But then, I re-discovered the power of creative writing. It was always a hobby of mine, but I lost my desire to pick up a pencil over the years. At first, I was hesitant to put my feelings down on paper. It felt too raw, too personal, and too damn painful. But then I realized that writing was the only way I could make sense of what had happened and process my emotions.

I started by writing in a journal, pouring out all my feelings. The rage, the hurt, the confusion, and the sadness. It was liberating to have a safe space where I could be completely honest and not worry about being judged or misunderstood. I found that the more I wrote, the more I was able to connect with my emotions and start to process them.

As I began to feel more comfortable with writing, I started experimenting with different forms of creative writing. I wrote poetry, a couple of spoken word pieces, and I finally began writing a novel I had in mind for years. I found that each form of writing allowed me to express myself in a different way, and I could explore different aspects of my pain and emotions.

One of the most incredible things about writing was that it has allowed me to process my pain through words. When I wrote, I was able to create a narrative that made sense of what happened and helped me find meaning in my pain. I found that writing gave me a sense of control over my emotions and attempt to make sense of what happened.

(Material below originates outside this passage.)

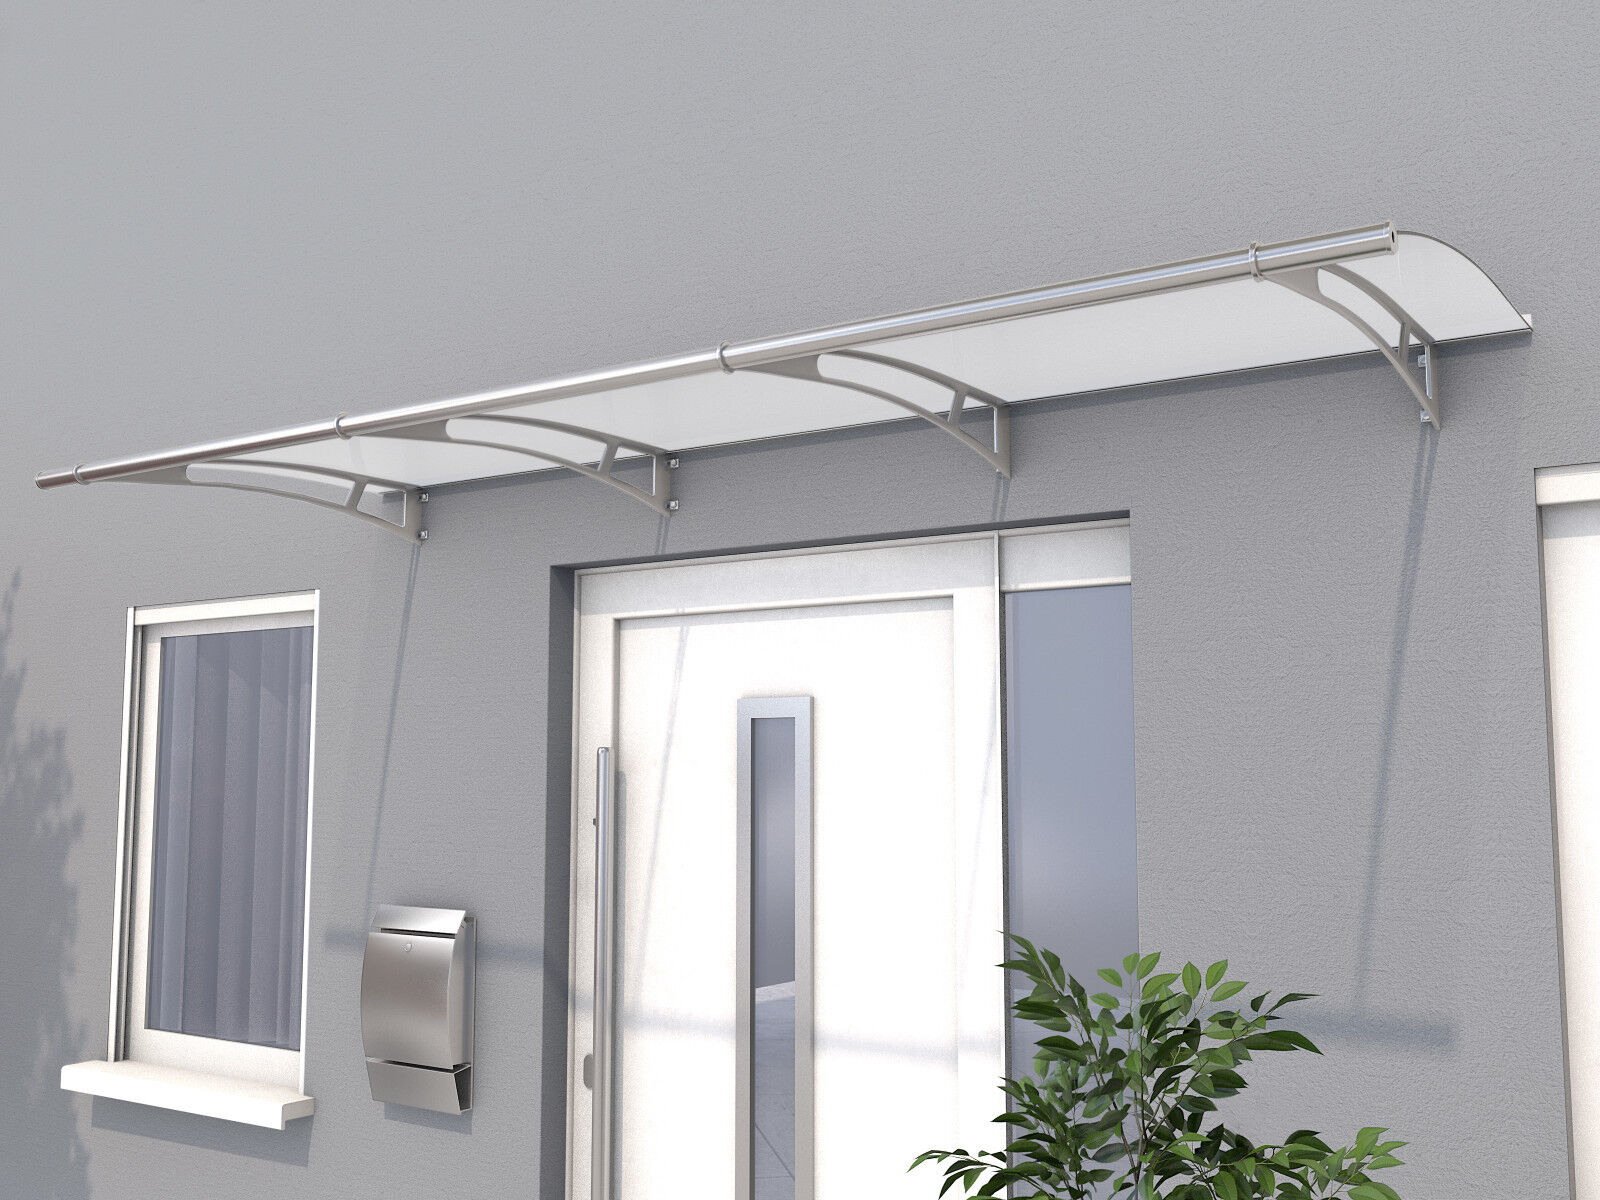 Gutta Pultvordach PT/L 270 satiniert weiß - Haustürvordach 270 x 95 cm Acrylglas

Writing also allowed me to reclaim my power. After the betrayal, I felt victimized, powerless, and helpless. But it gave me a way to take control of my story and turn it into something meaningful. It allowed me to explore my emotions, connect with my pain, and eventually find a way to heal.

I started therapy last month and talking to someone on a weekly basis has also been extremely helpful. But there’s something cathartic about putting pen to paper. Through it, I’ve started to process my pain, find hope in my trauma, and reclaim my power. It hasn’t been easy, and there are times when I want to give up. But each time I put pen to paper or fingers to the keyboard, I feel like I am taking back control of my life.

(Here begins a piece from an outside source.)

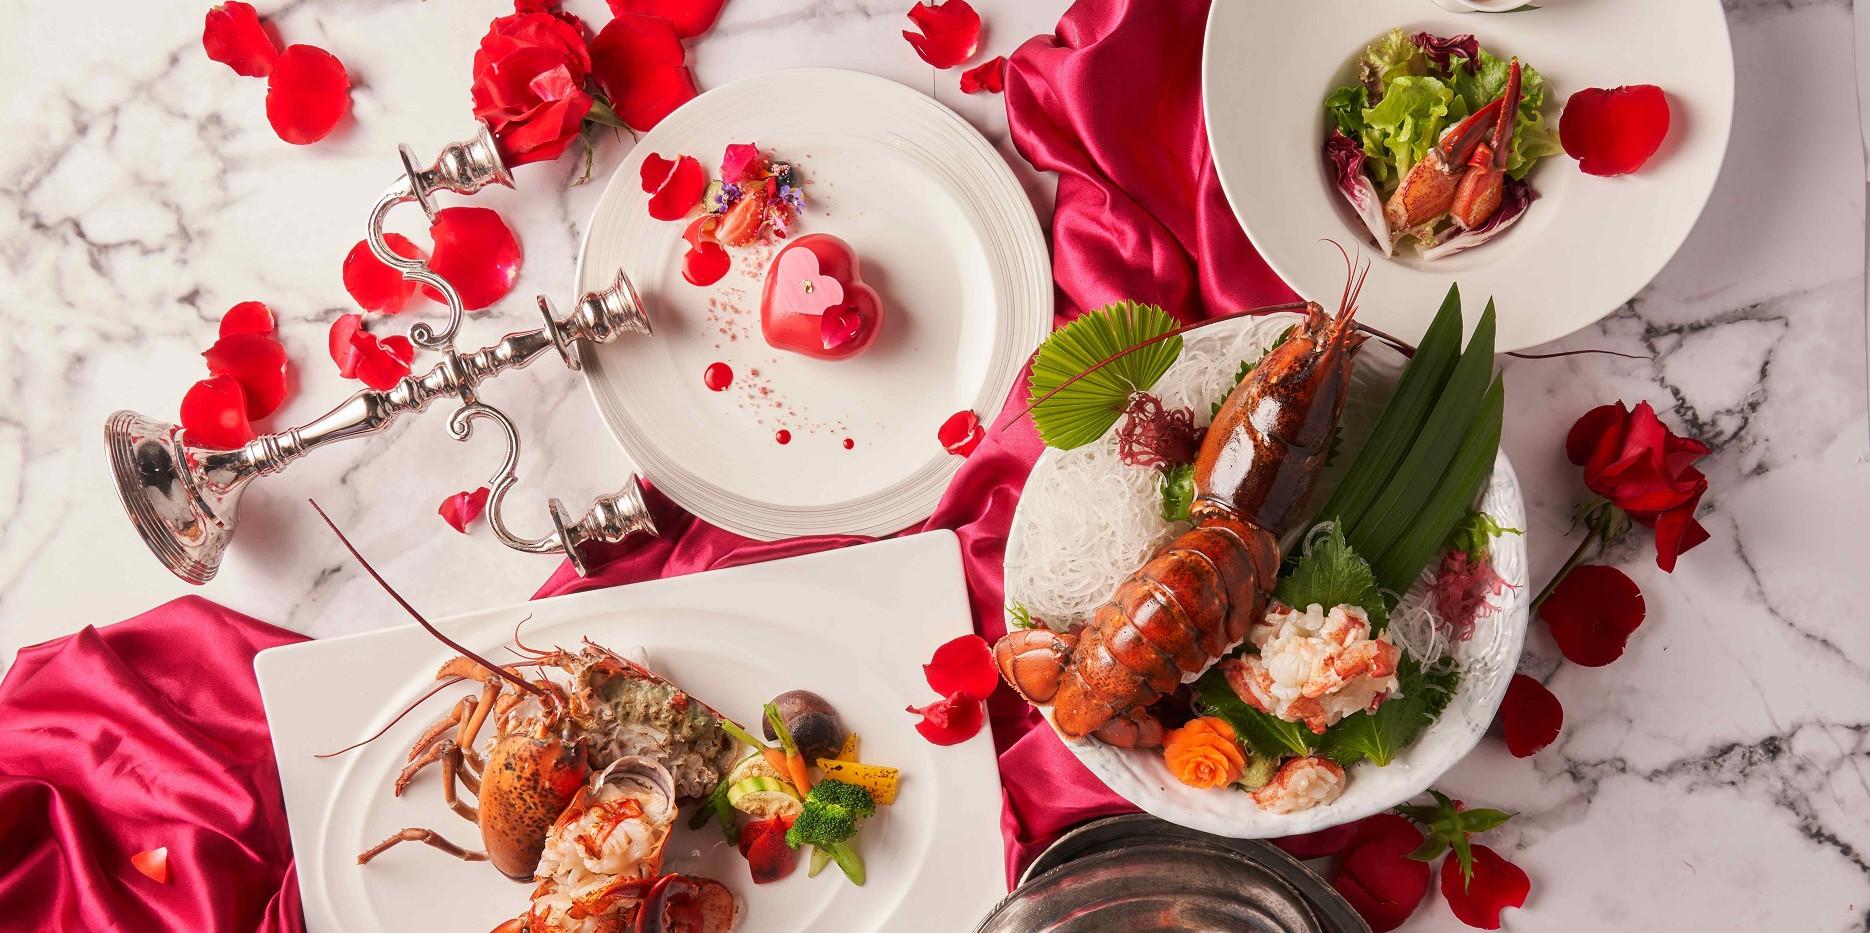 KiSara-Valentines-Day (1).jpeg

The benefits of creative writing on mental health and well-being are well documented. Studies show that writing can help reduce symptoms of depression and anxiety, improve mood, and increase self-awareness. But for me, it’s been an outlet – it’s been a lifeline.

If you are struggling with trauma or mental health issues, I really encourage you to try writing as a way to process your emotions. It’s scary as fuck to put your feelings down on paper or on a computer screen, but it can also be so liberating and empowering.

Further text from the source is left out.